Bunuel wrote:
10. Given that \(5x=125-3y+z\) and \(\sqrt{5x}-5-\sqrt{z-3y}=0\), then what is the value of \(\sqrt{\frac{45(z-3y)}{x}}\)?
A. 5
B. 10
C. 15
D. 20
E. Can not be determined
Rearranging both expressions we'll get: \(5x-(z-3y)=125\) and \(\sqrt{5x}-\sqrt{z-3y}=5\). Denote \(\sqrt{5x}\) as \(a\) and \(\sqrt{z-3y}\) as \(b\).

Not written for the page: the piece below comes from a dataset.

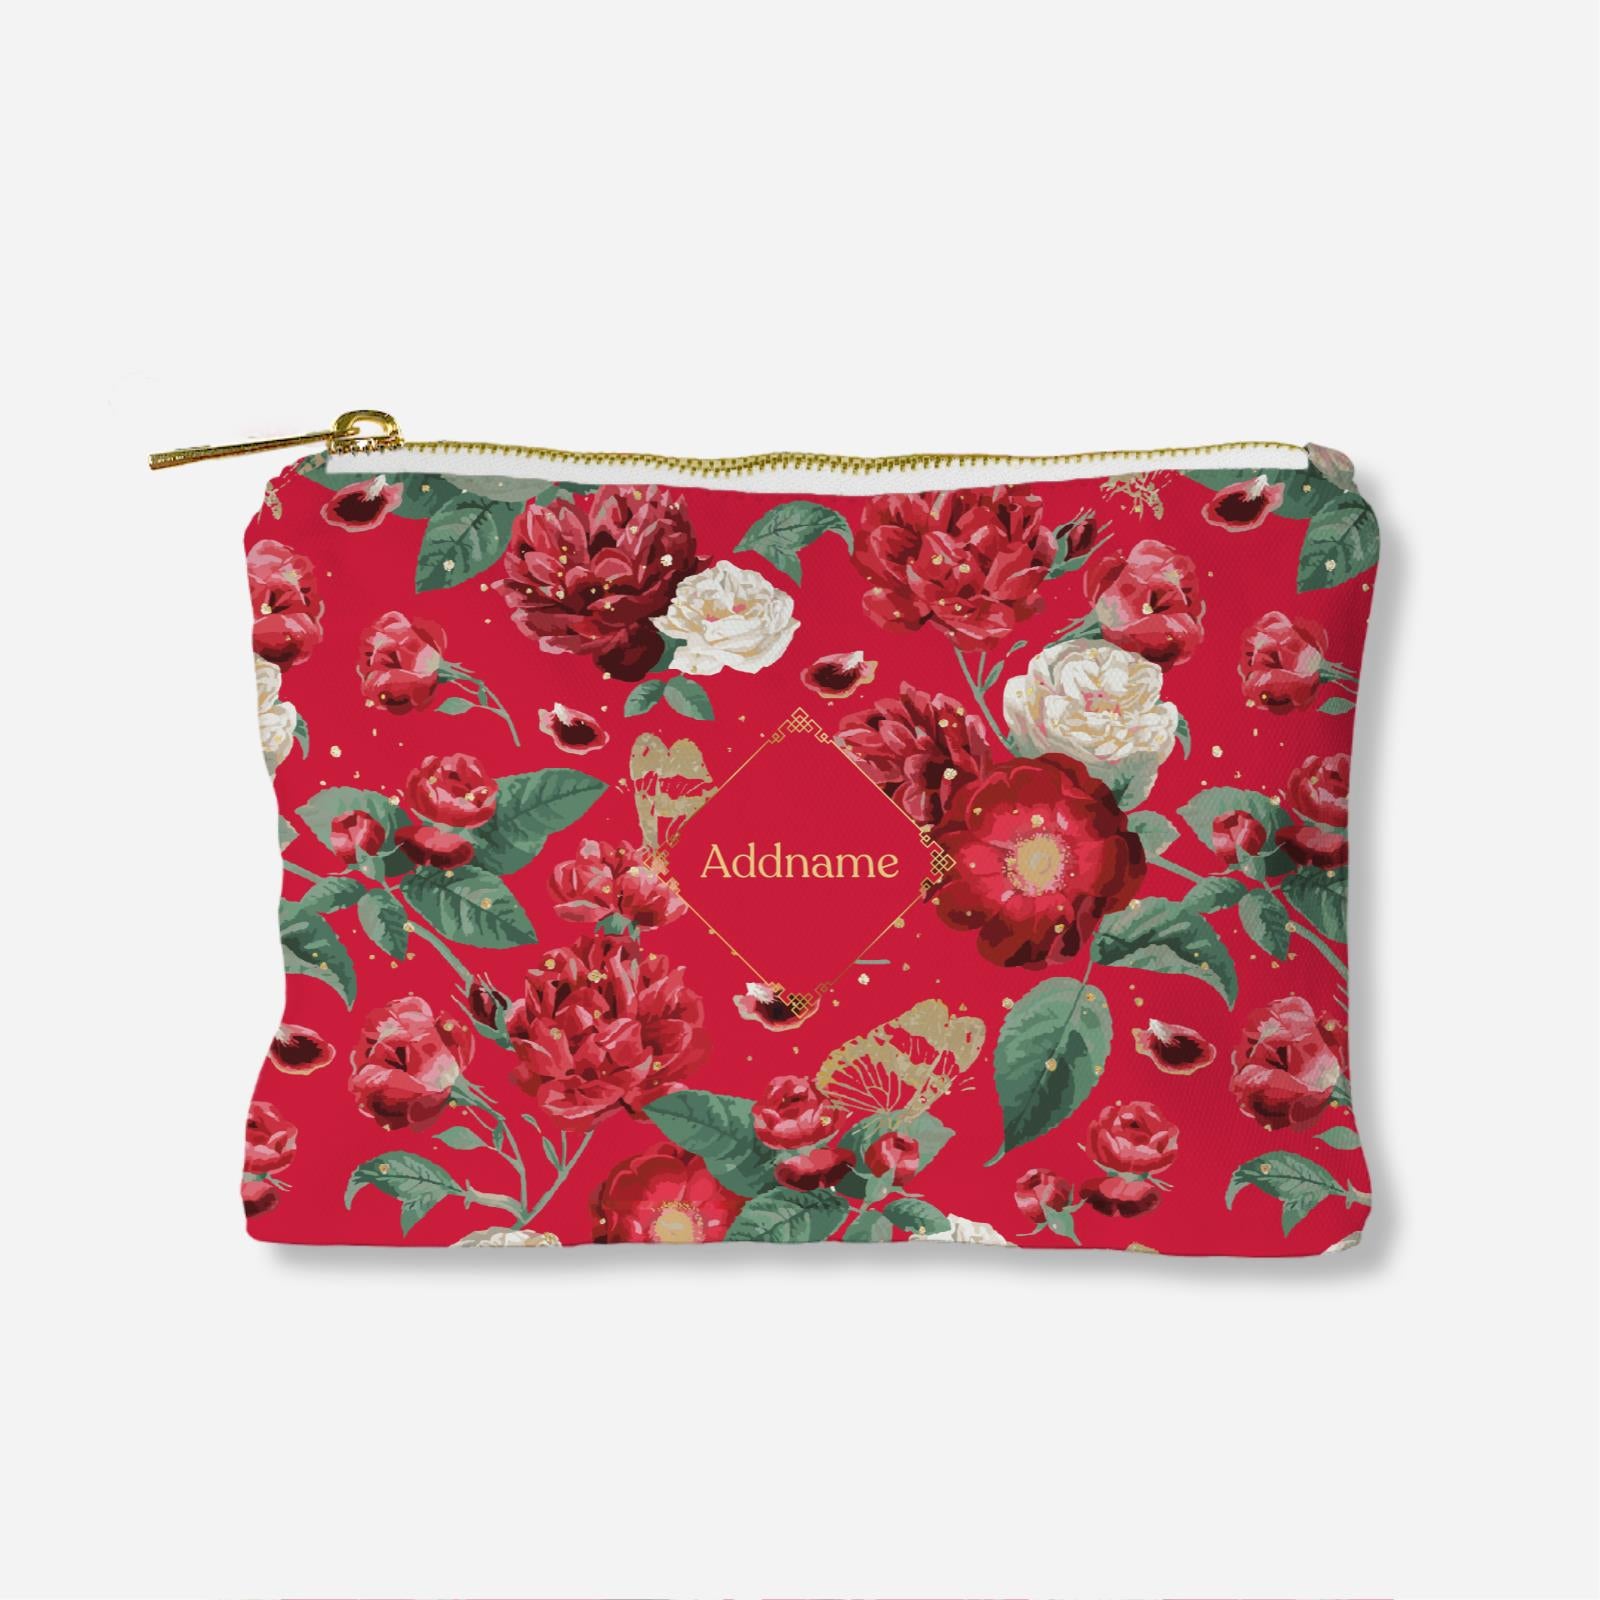 Royal Floral - Red Full Print Zipper Pouch With English Personalization

So we have that \(a^2-b^2=125\) and \(a-b=5\). Now, \(a^2-b^2=(a-b)(a+b)=125\) and as \(a-b=5\) then \((a-b)(a+b)=5*(a+b)=125\) --> \(a+b=25\). Thus we get two equations with two unknowns: \(a+b=25\) and \(a-b=5\) --> solving for \(a\) --> \(a=15=\sqrt{5x}\) --> \(x=45\). Solving for \(b\) -->\(b=10=\sqrt{z-3y}\)
Finally, \(\sqrt{\frac{45(z-3y)}{x}}=\sqrt{\frac{45*10^2}{45}}=10\).
Answer: B.
This is how I went about solving this problem:
Given \(\sqrt{5x} - 5 - \sqrt{z-3y}= 0\):
Rearrange and square
\((\sqrt{5x})^2 = (\sqrt{z-3y}+5)^2\)
\(|5x| = z-3y + 25 + 10\sqrt{z-3y}\)
Assuming that x is positive and given \(5x=125-3y+z\), set the two equations equal to each other
\(125 - 3y + z = z-3y + 25 + 10\sqrt{z-3y}\)
\(100 = 10\sqrt{z-3y}\)
\(100 = z-3y\)\(5x = 125-3y+z\)
\(5x = 125 + 100\)
\(x = 45\)Thus by substitution:
\(= \sqrt{\frac{45(z-3y)}{x}}\)
\(= \sqrt{\frac{45(100)}{45}}\)
\(= \sqrt{100}\)
\(= 10\)
However, notice that I had to assume that |5x| = 5x
Why is this permissible in this problem?